Reste à savoir ce qu’il adviendra des thématiques non représentées dans la sélection finale et des 46 millions d’euros restant sur l’enveloppe initiale de 100 millions (chaque projet lauréat a reçu la même enveloppe de neuf millions d’euros[1], ce qui est atypique par rapport à des AAP précédent, comme ExcellencES par exemple, où les sommes allouées était spécifiques à chaque projet). La crise financière pourrait-elle amener l’État à revoir ses priorités, ou bien ces fonds seront-ils réalloués à un nouvel appel ciblant les sujets sans projet retenu ? Les prochains mois devraient apporter des réponses sur ces questions, qui impacteront à la fois l’avenir de la recherche en SHS sur ces thématiques et la dynamique globale pour ces disciplines.

Sources: 

[1] Appel à projets national en sciences humaines et sociales : vers une phase finale de sélection – Erdyn > Conseil en Innovation

[2] France 2030 : 6 projets lauréats du dispositif « Programmes de recherche en sciences humaines et sociales » | info.gouv.fr

[3] Note méthodologique : l’indice de spécialisation.

Pour évaluer à quel point chaque région est représentée dans les projets lauréats, nous avons établi un « indice de spécialisation ». Celui-ci met en regard la proportion de partenaires et coordinateurs issus d’une région et la part de ses dépenses de R&D (DIRDA) dans la DIRDA nationale. Concrètement, l’indice s’obtient en divisant la part (en %) de partenaires et coordinateurs de la région par la part (en %) de la DIRDA que cette région représente à l’échelle du pays.
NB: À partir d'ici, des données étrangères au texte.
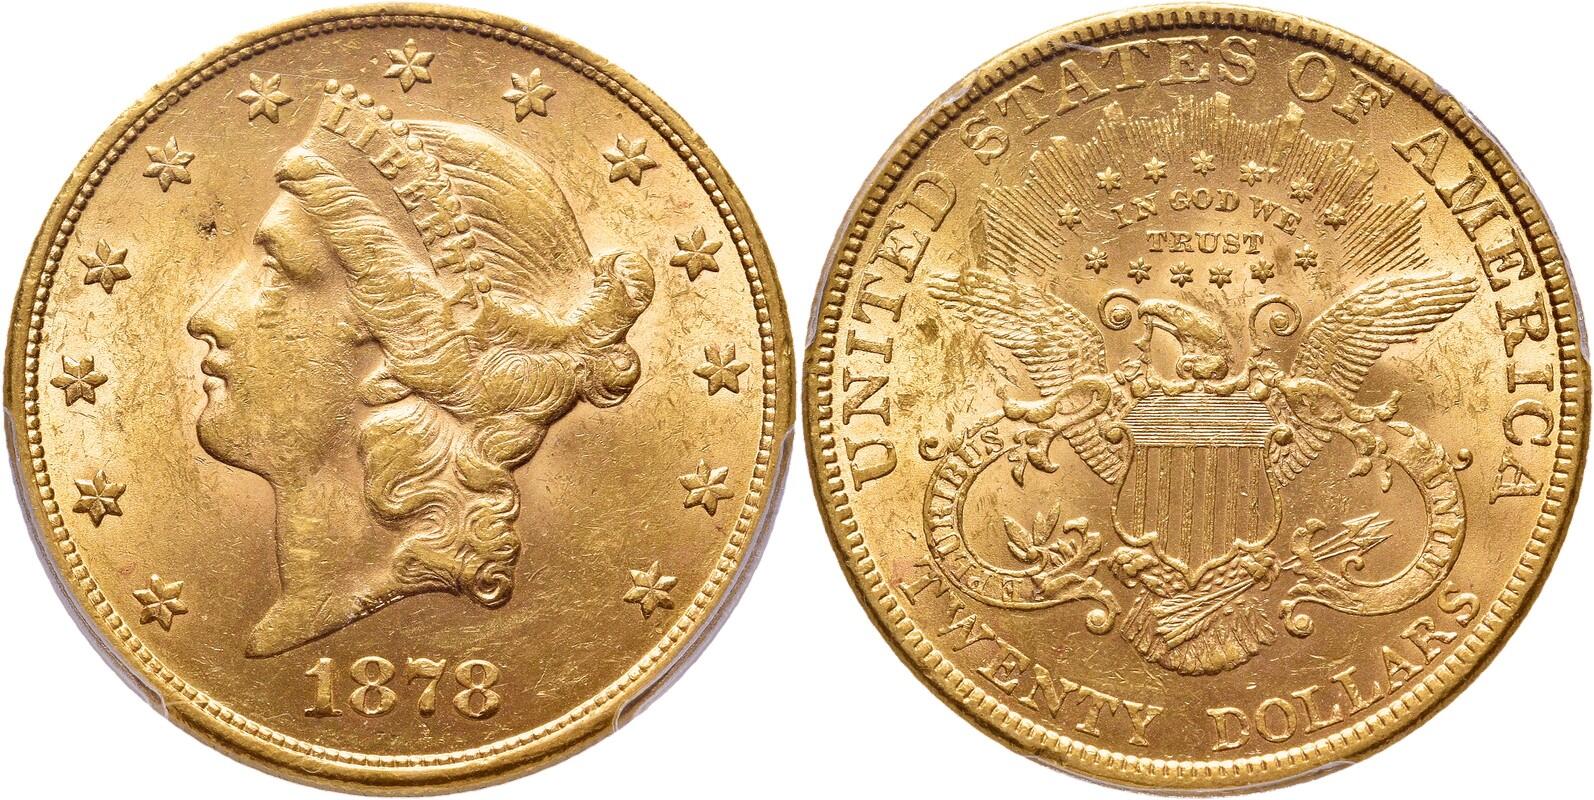  USA 20 Dollars 1878 | NGC MS61 | Liberty Head

  • Un indice inférieur à 1 traduit une présence régionale plus faible que ne le laissait supposer son poids en DIRDA.
  • Un indice égal à 1 signifie que la région est représentée à hauteur de son importance dans les dépenses de R&D.
  • Un indice supérieur à 1 indique au contraire une surreprésentation de la région par rapport à son niveau de DIRDA.

Important : Les organismes nationaux (CNRS, Inria, Inrae et IRD) ne sont pas attribués à une région précise dans ce calcul, afin d’éviter une surreprésentation de certaines régions, notamment l’Île-de-France.